The answer to this problem may lie in the diminutive .22 pistol. Now, the .22 long rifle round will never be my first choice for a defensive weapon. It may be a man-killer, killing more people every year than any other cartridge, but it’s not a man-stopper, which is what you need in a defensive situation. You want something that’s going to knock a man down right now, not an hour from now when he finally dies of internal bleeding in his apartment. However, in this particular situation, when you’re dealing with a new shooter who’s intimidated by a gun, you have to modify your approach. A .22 pistol fits the bill for three reasons.

It’s better than nothing. Although it’s small, it’s still a gun. It’s still loud, and it still launches small pieces of lead at a person’s vital bits. You’re not dealing with the Terminator, here. Most aggressors, when merely faced with an armed defender, will withdraw rather than push a bad situation. My wife just has to hold the  bedroom, not a FOB in Afghanistan. Combined with the right plan, the right ammo  and the right aimpoint, a .22 will be adequate. Not ideal, just adequate… barely.

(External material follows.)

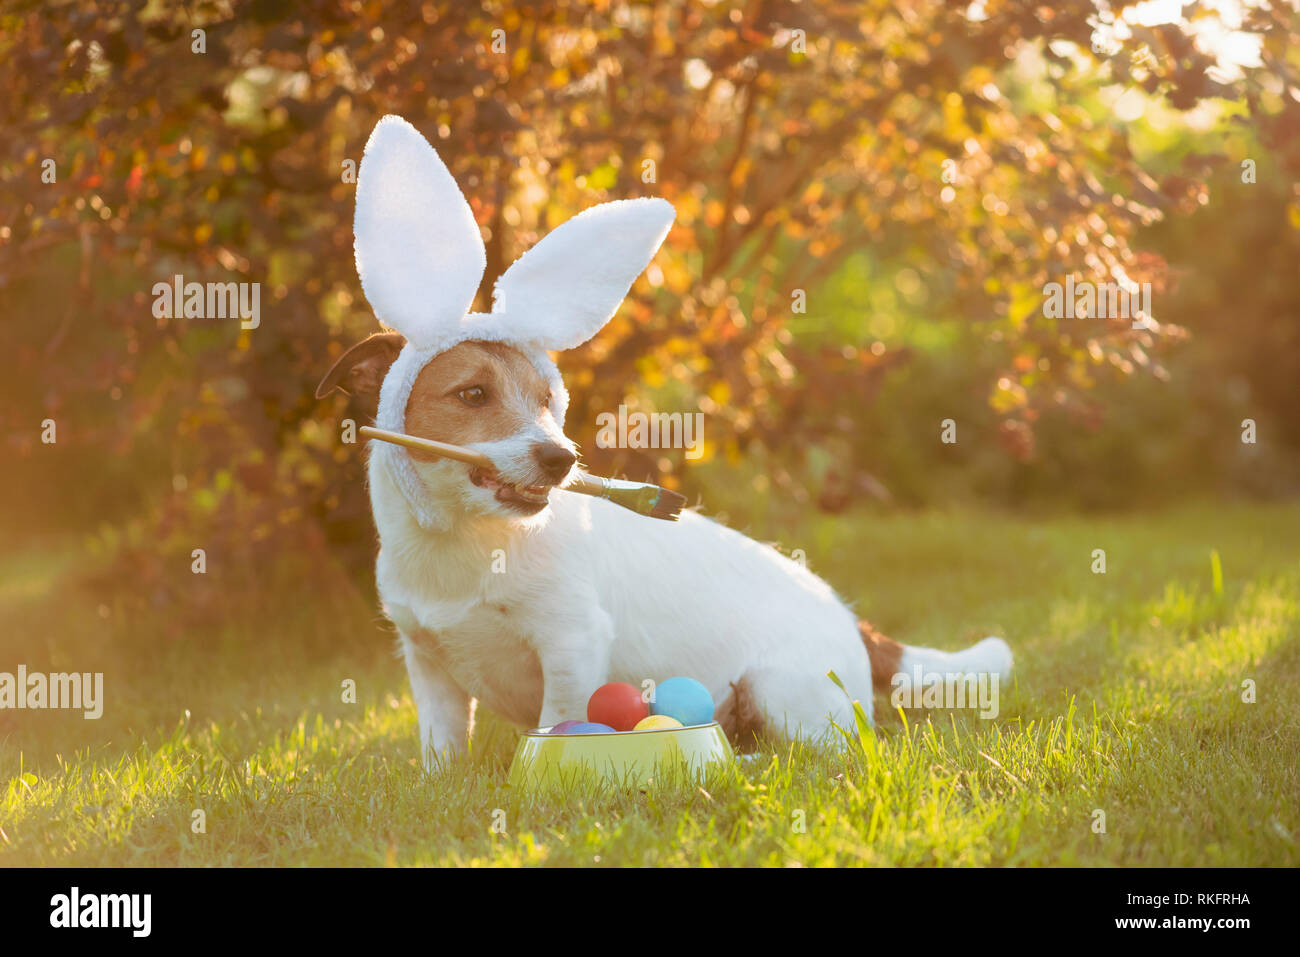 Dog wearing Bunny Ears peinture et coloriage des oeufs pour des fêtes de Pâques Banque D'Images

She’ll want to practice with it. If the problem you’re having with a handgun is the recoil, then remove the recoil. Lots of people who want to shoot are put off by the recoil in a small, powerful handgun. Among them is Washington Times’ Emily Miller, who is currently blogging her battle with the Washington, D.C. bureaucracy in getting a legal handgun. In the entry where she first learns to shoot, she starts with a .22, which she likes, but when she moves to a more powerful .40 handgun, she doesn’t like it at all and wants to go back to the .22.

“BOOM. BOOM. I did not like this. My hand hurt. The explosion on each shot scared me. I shot until there were no more bullets and didn’t get a single one in the red of the target. I put the gun down.

“That’s it, I’m done with it. I want to go back to the .22,” I said. I finished off two more rounds and got good grouping with the last one. I was thrilled.”

I’ll be honest with you, .22’s are fun to shoot. They’re cheap to feed and there’s almost no recoil giving you an ache in your wrists like with my .357. As a matter of fact, a lot of people who own a .357 practice with .38 Specials for exactly those two reasons. If there’s no negative to practicing, then a person will want to practice more, and that brings me to the third reason…

It’s a gateway gun. You know how pot is always referred to as a “gateway drug,” because it leads a person to using harder drugs? A .22 is the same way. Shooting a .22 lets a new shooter get comfortable with the fundamentals and learn the rules without having to worry about a sore shoulder or wrist. When I first introduced my wife to firearms, she was of the opinion (being a liberal city girl with no experience with firearms) that guns were “icky,” so I started her with my father’s .22 rifle, which she ended up loving so much that I had to buy it for her. Imagine if I had started her with a .308. A .22 pistol can serve the same function. As a matter of fact, there are a lot of .22 pistols out there that mimic larger caliber guns. The SIG Mosquito and Walther P-22 are two examples. Teh Noob will be thrilled, I’m sure, to learn that the 1911 can be bought in .22, and Ruger recently introduced the .22 22/45 pistol, which incorporates a grip the same size and configuration as the 1911 for people who want to practice with a .22 that feels like a .45 in their hands.

If it were up to me, my I’d only leave my wife home alone with a weapon that hits a person so hard it knocks them back in time. But I also know she’s not going to go for that and that if I push her, she’s going to resent it and hate it and only do enough to convince me that she knows how to use it. That’s not enough. For one thing, I don’t want my wife to have to practice something she hates, and two, she will need to practice to become proficient.  A .22 pistol lets her practice with a more comfortable weapon until she’s ready to graduate to something bigger. And even if she doesn’t graduate to something bigger, a .22 is still far and away better than hitting a home invader with a lamp.